A Manitoba doctor who’s responsible for deciding which babies in his province get the drug says the criteria vary from province to province.
“Every year it is controversial when we talk about a product that is only given to a select group of patients,”said Dr. Aaron Chiu.
Adding to the controversy is AbbVie’s active role in distributing the product through patient education campaigns and handling the administrative paperwork in some provinces.
“We do support general RSV education through an immunoprophylaxis program in which we provide support to 43 different programs, mainly hospitals, across the country,” AbbVie said in an email. “The programs that receive these grants determine for themselves how they employ the funding.”
The Canadian Paediatric Society (CPS) has expressed concern about the risk of conflict of interest because some doctors involved in administering the Synagis program also receive research funding from AbbVie.
In 2015, CPS published a position statement on Synagis that makes it clear doctors involved in manufacturer-funded research should not be involved in deciding who gets the drug.
Chiu says the CPS statement makes a valid point, but it’s difficult to be completely independent from AbbVie, the sole distributor of Synagis in Canada.
“I have regular contact with the company, from product manager to regional representative, to discuss shipment issues, cold-chain breaks, invoices, etc.,” he said.
“It’s the only pharmaceutical company I’ve ever had contact with up in Nunavut. I haven’t had any others contact me,” Barker said.

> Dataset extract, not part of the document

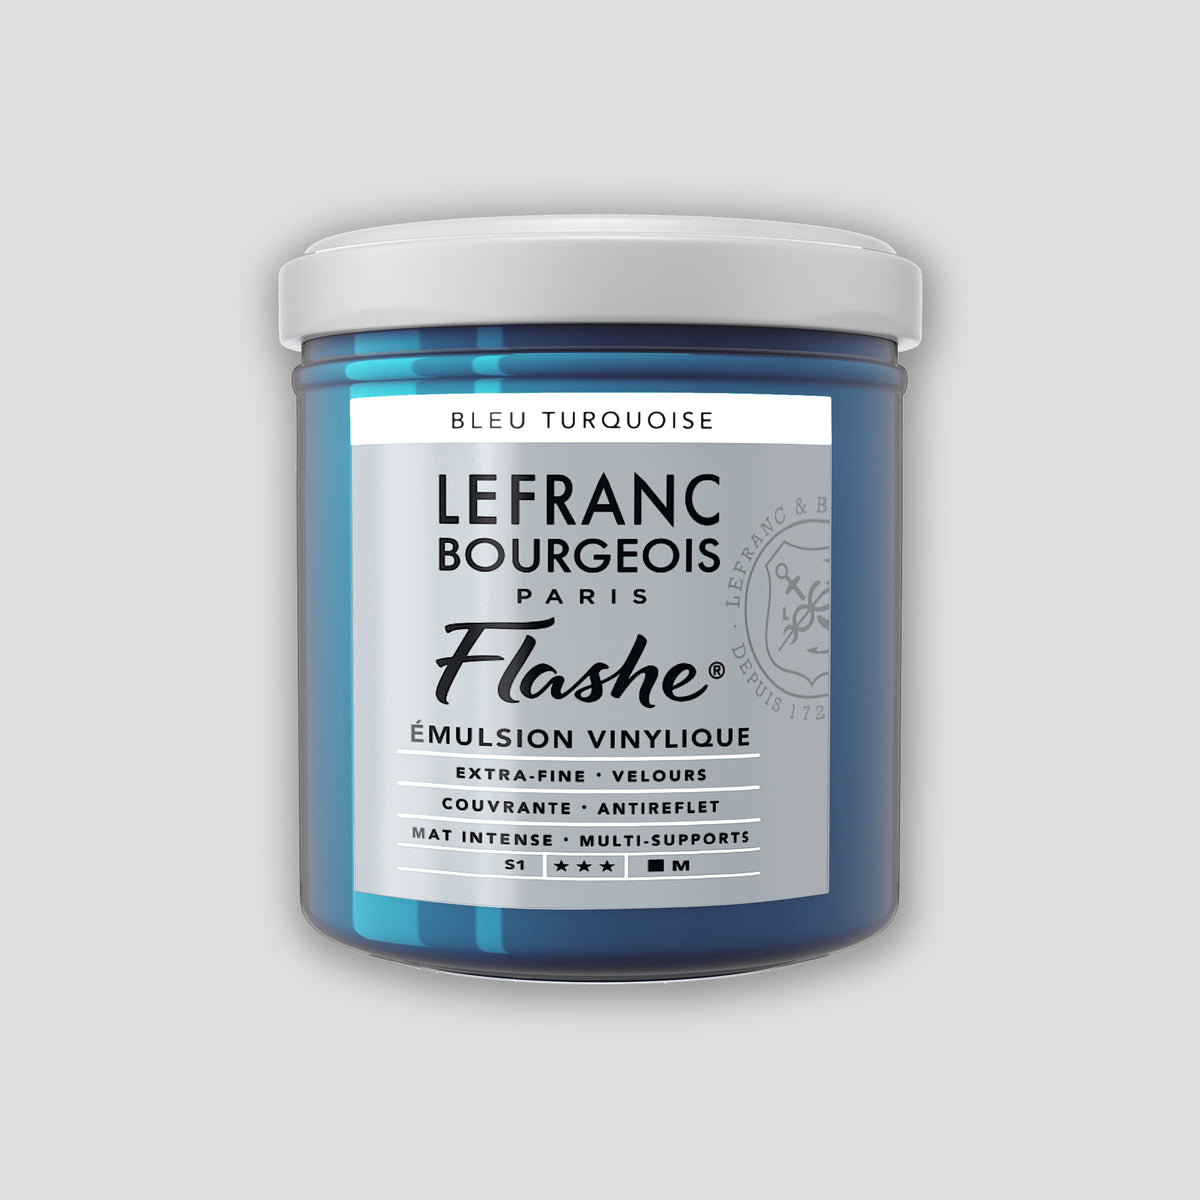 Lefranc Bourgeois Flashe Acrylic Paint 125ml Turquoise Blue

“We’ve got one of the highest RSV rates, so they see us a good candidate to maintain the purchasing of the product,” she said, adding that company sales representatives fly to the territory at least once a season.
Barker believes AbbVie is trying to encourage Nunavut to give the drug to more babies.

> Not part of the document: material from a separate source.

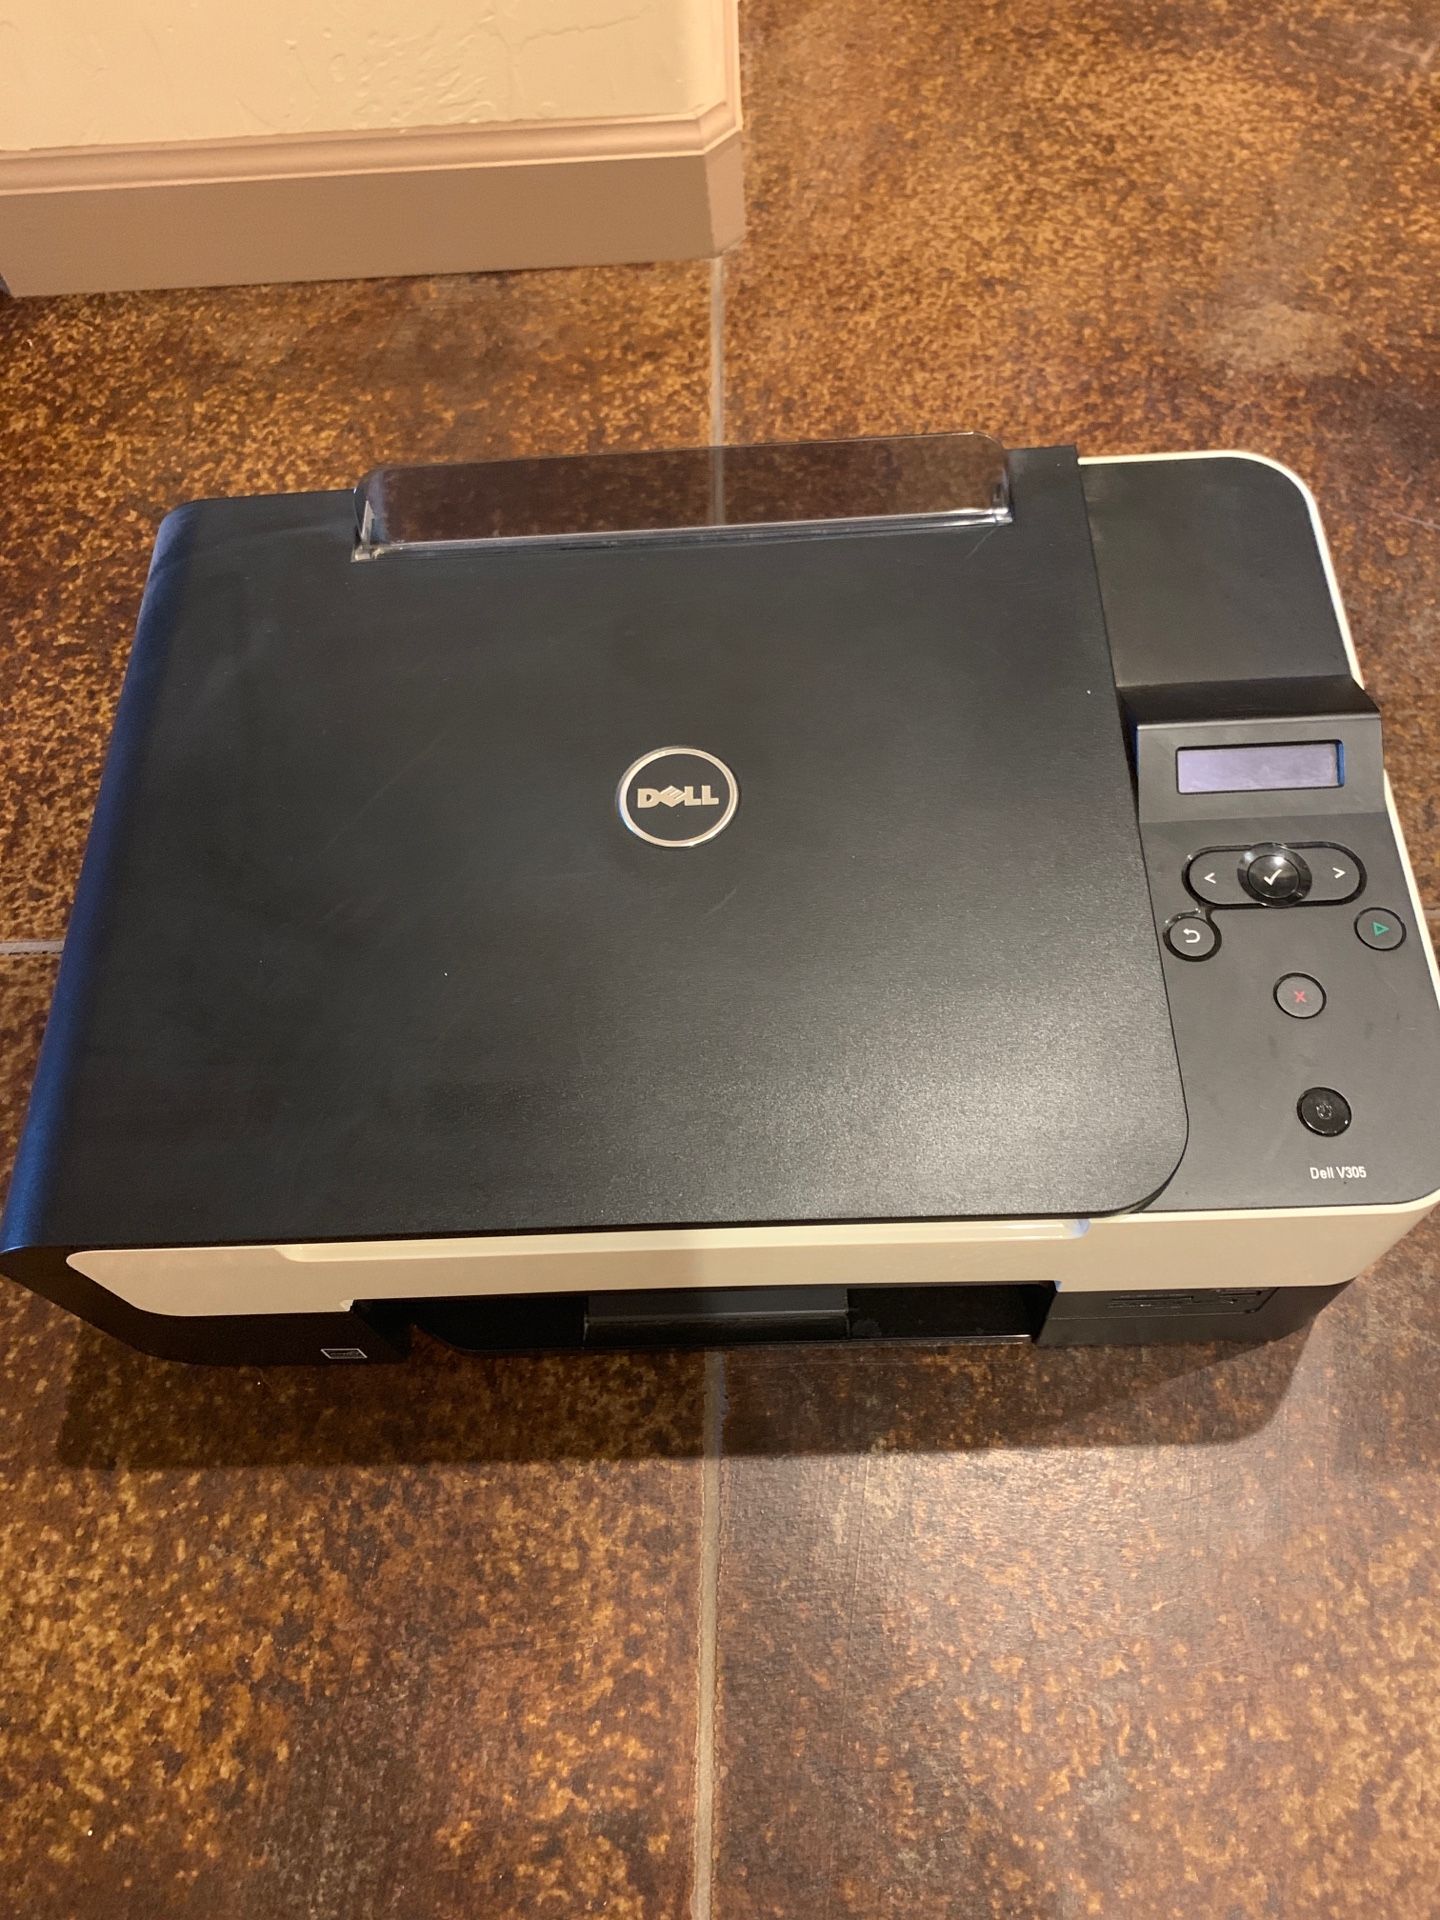 Dell 3 in one Printer

“It’s largely driven by them trying to convince us that we’re not providing appropriate care to Nunavummiut infants, and trying to convince us of the need, and some of the potential areas of benefit, if we were to make it universal.”
In an email, AbbVie said, “We work with all Canadian provinces and territories based on their own self-determined eligibility criteria for utilization. We abide by the Innovative Medicines Canada code of business conduct.”
AbbVie processes all the enrolment forms and informs family doctors which infants qualify and which ones are rejected, Health Ministry spokesperson David Jensen said in an email.
Although the cost of Synagis is out of reach for many families, the drug is available for private purchase. McKesson Specialty Pharmacy, which has locations across Canada, can fill the prescription. It’s not clear how many families try to buy the drug themselves. McKesson wouldn’t disclose sales numbers, or the price it charges for the drug.
“We are bound by contractual rules with the manufacturer,” McKesson said in an email. “The sales data belongs to the manufacturer and therefore McKesson Canada can’t provide you with this information.”
“You can’t blame the company for trying to make as much profit as they can before a better product comes along,” said Robinson. She added that there is disagreement about how widely used the drug would be if the cost was lower.
In the meantime, O’Dwyer-Manual won’t relax until summer.
RSV: Respiratory syncytial virus (RSV) sends more infants and toddlers to hospital than any other bug. And the virus causes 200,000 deaths in toddlers and infants around the world every year, according to the World Health Organization. It’s especially dangerous to premature infants and babies with heart and lung conditions. Everyone in the world is eventually infected with RSV, experts say, but most people don’t notice because the virus causes only mild cold symptoms in healthy people.
ABBVIE SALES FIGURES: According to AbbVie’s 2016 annual report to shareholders, international sales (net revenues) of Synagis were $ 730 million in 2016. AbbVie’s total net revenues from drug sales in Canada were $ 624 million. Synagis is one of 19 AbbVie drugs approved in the Canadian market.